If a tank contains 55.2 g of butane, what volume, in liters, of oxygen is needed to burn all the butane at 0.850 atm and 25 degrees Celsius? Need to show work too.
2C4H10 + 13O2 ==> 8CO2 + 10H2O
mols butane = grams/molar mass = ?
Using the coefficients in the balanced equation, convert mols butane to mols O2.
Use PV = nRT and solve for V O2 at the conditions listed.
To solve the problem, we need to use the Ideal Gas Law: PV = nRT, where P represents pressure, V represents volume, n represents the number of moles, R is the ideal gas constant, and T is the temperature in Kelvin.
First, let's convert the given values to the proper units:
- Butane mass: 55.2 g
- Pressure: 0.850 atm
- Temperature: 25 degrees Celsius
The molar mass of butane (C4H10) can be calculated as follows:
- Carbon (C) molar mass: 12.01 g/mol
- Hydrogen (H) molar mass: 1.008 g/mol
- Butane molar mass = 4 * C + 10 * H = (4 * 12.01) + (10 * 1.008) = 58.12 g/mol
Next, we need to calculate the number of moles of butane:
- Number of moles = Mass / Molar mass = 55.2 g / 58.12 g/mol = 0.949 mol
Now, we can convert the temperature from Celsius to Kelvin:
- Temperature in Kelvin = 25 degrees Celsius + 273.15 = 298.15 K
At this point, we have the necessary information to proceed with the calculation.
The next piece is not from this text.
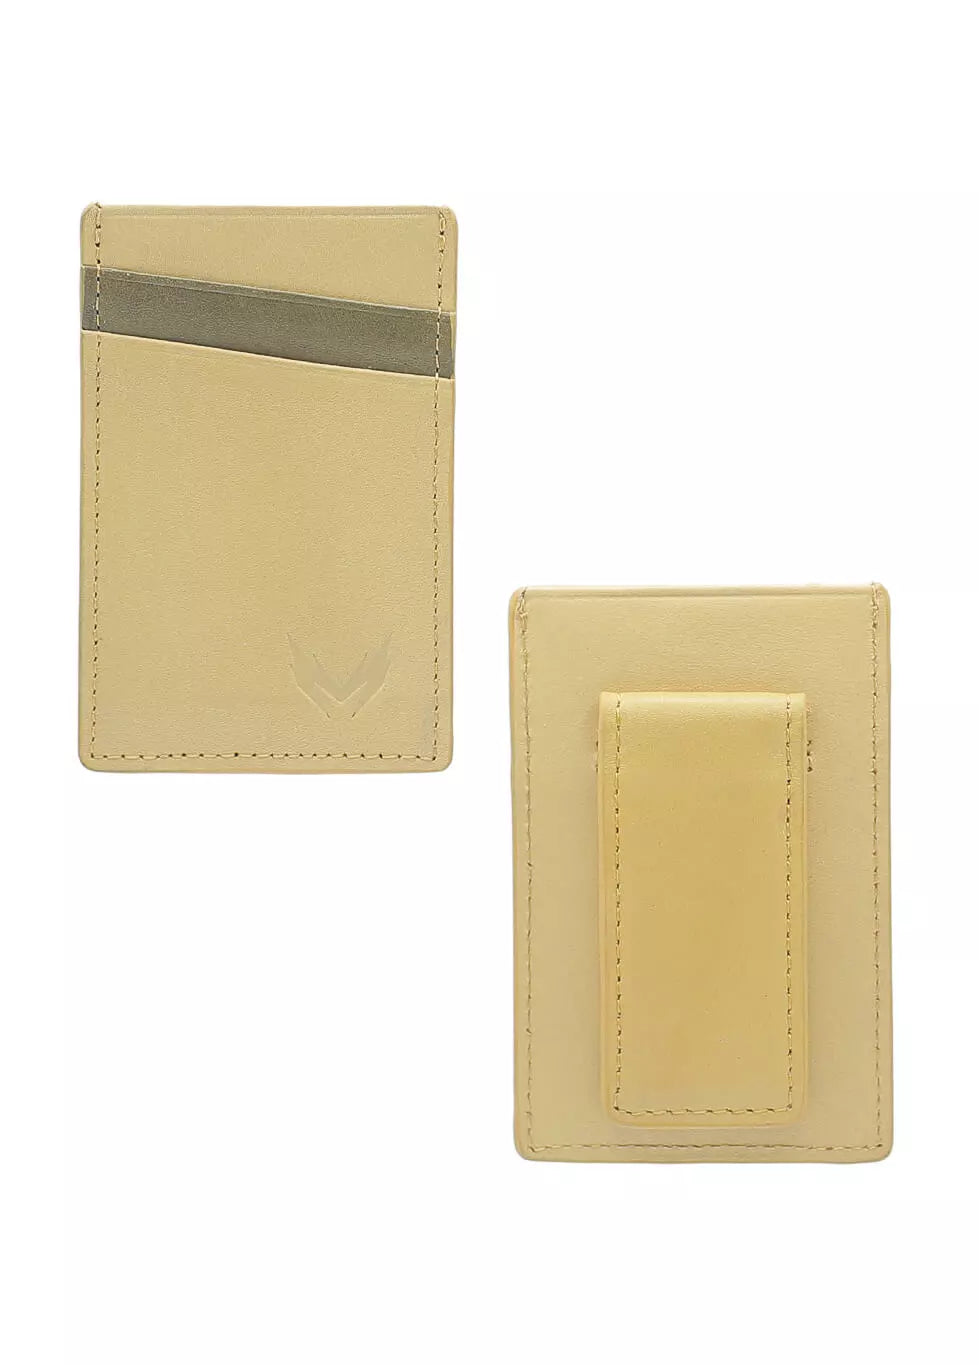 Desert Storm money clip card holder wallet

Let's rearrange the Ideal Gas Law equation to solve for volume (V):
V = (nRT) / P
Substituting the known values:
V = (0.949 mol * 0.0821 L·atm/mol·K * 298.15 K) / 0.850 atm
After calculating the expression, we get:
V ≈ 25.63 L
Therefore, approximately 25.63 liters of oxygen is needed to burn all the butane.